Сулейман Велиев - Узлы
- Дождь ведь, слякоть....
Васифа начал раздражать этот разговор.
Хорошему охотнику не страшен ни зной, ни буран. Без добычи он не вернется. А плохой и в гастрономе может вареную курицу взять.
Лазым обиженно умолк.
- Ну, вот и дождь кончается. Смотри, видишь - солнце рвется сквозь тучи.

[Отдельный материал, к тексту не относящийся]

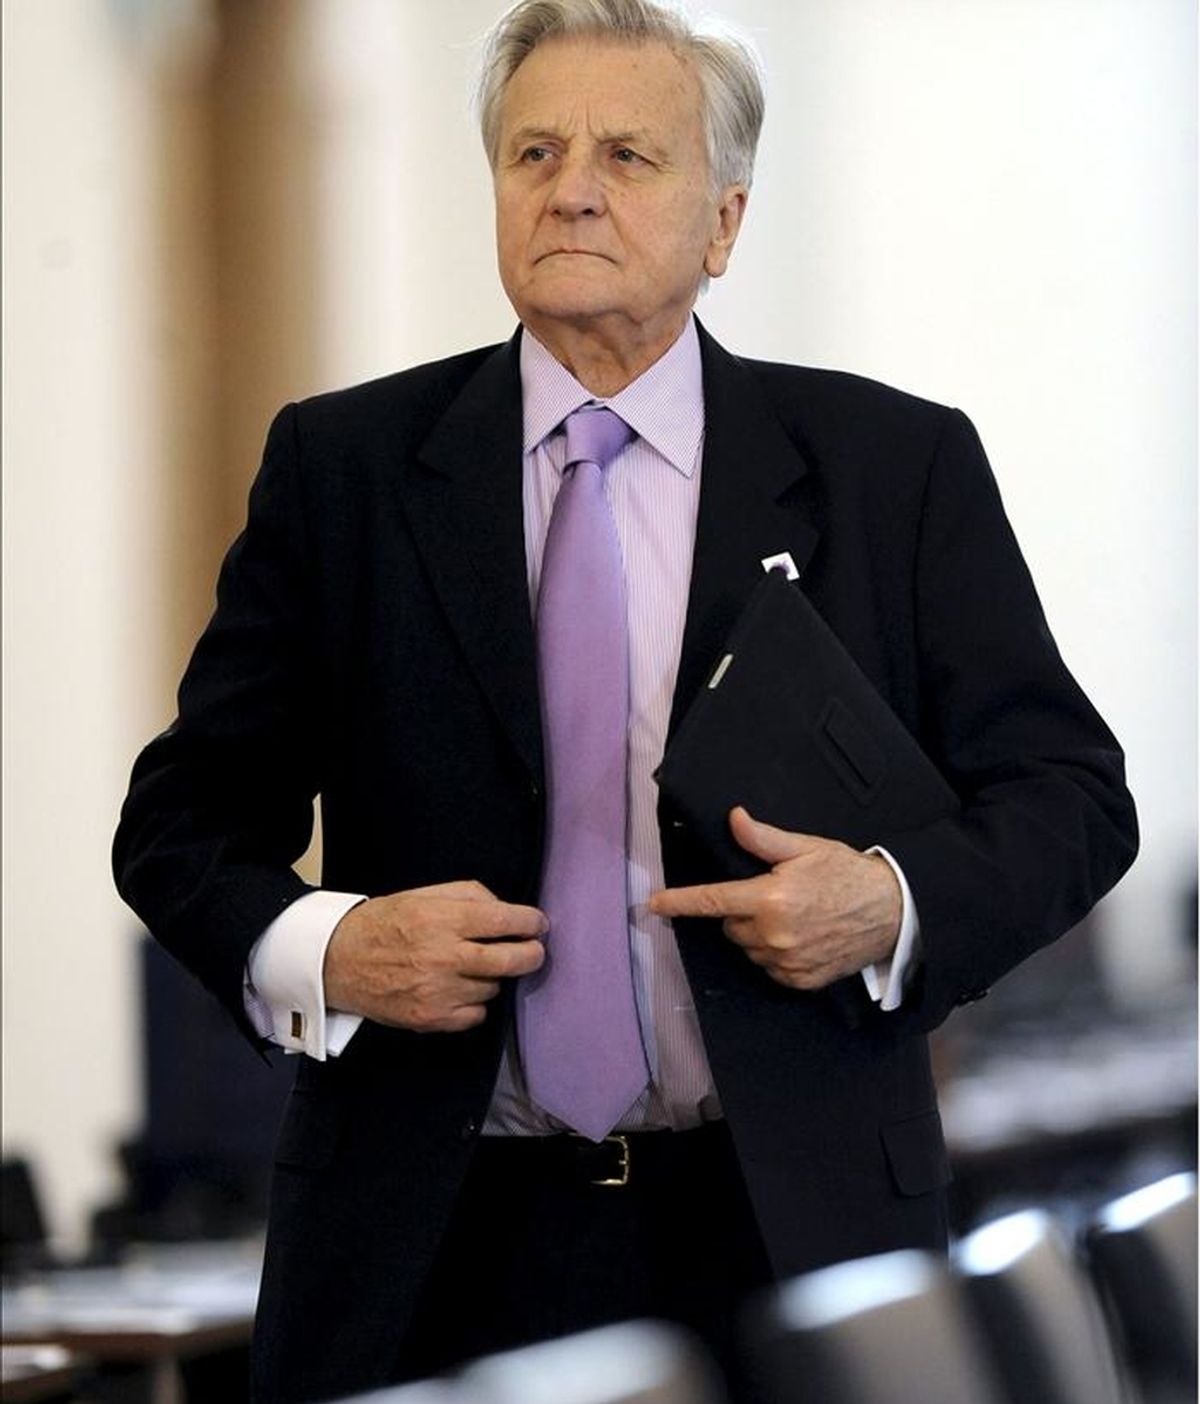 El presidente del Banco Central Europeo (BCE), el francés Jean-Claude Trichet, ganó el año pasado 367.863 euros, un 2 % más que en 2009 (360.612 euros), según el informe anual de 2010 que la entidad publicó hoy. EFE/Archivo
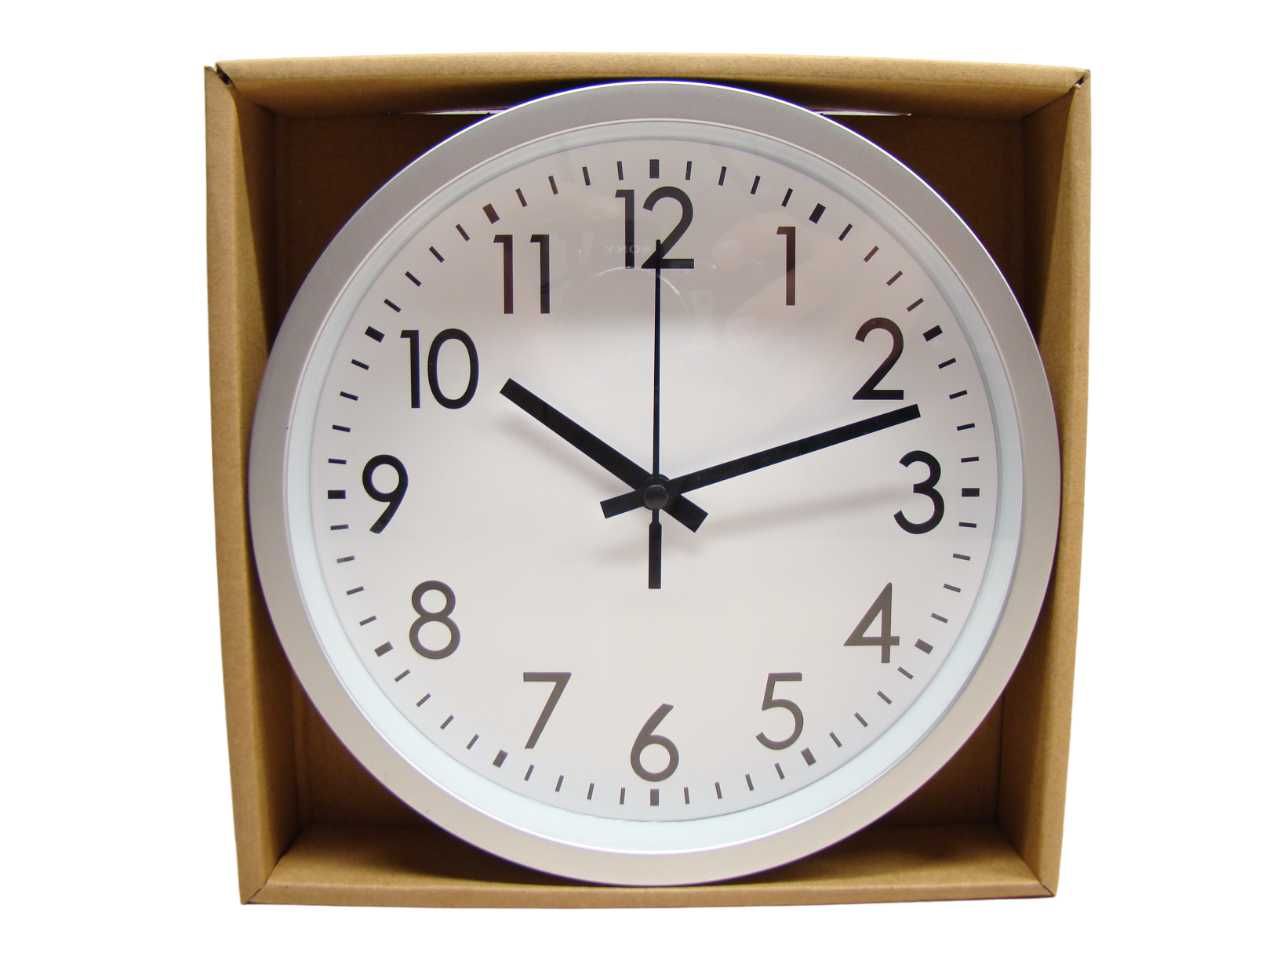 TIKTAK ścienny zegar na ścianę srebrnobiały wall clock gratis bateria

Васиф полез в кузов за инструментами.
- Война, что ли... - проворчал Лазым.
- А что? Пожалуй, война. Боевая разведка. Как на фронте.
Вспомнились туманные ночи, как уходили на разведку товарищи, бесшумно растворяясь в зыбкой тьме. Как ждали часами, стоя по пояс в воде, пока не пройдет фашистский дозор по железнодорожному полотну. Яростное сопротивление своего первого "языка". Связанного, с кляпом во рту он тащил его на себе через насыпь, через болото.
Здесь другое. Идешь с рюкзаком, ориентируясь по компасу. Луч фонарика шарит по карте. Нет стрельбы, нет риска встретить смерть лицом к лицу. Но разве меньше отваги и терпения вкладывают геологи в поиск?
- Ну, я пошел. Не барышня, не раскисну.
Лазым дернулся, но промолчал, только ноздри его порозовели от сдержанной обиды. Он вылез из кабины и так пнул ногой тугую покрышку, что "газик" вздрогнул.
Несколько месяцев спустя в толстом блокноте Васифа между рабочими заметками о поднятых породах, о температуре пластовых вод появилась запись:
"...Заложено несколько разведочных скважин. Надеемся. Верим. Если обнаружатся признаки продуктивных осадков и нефти, вопрос будет окончательно решен. Что принесут с буровой? Что?"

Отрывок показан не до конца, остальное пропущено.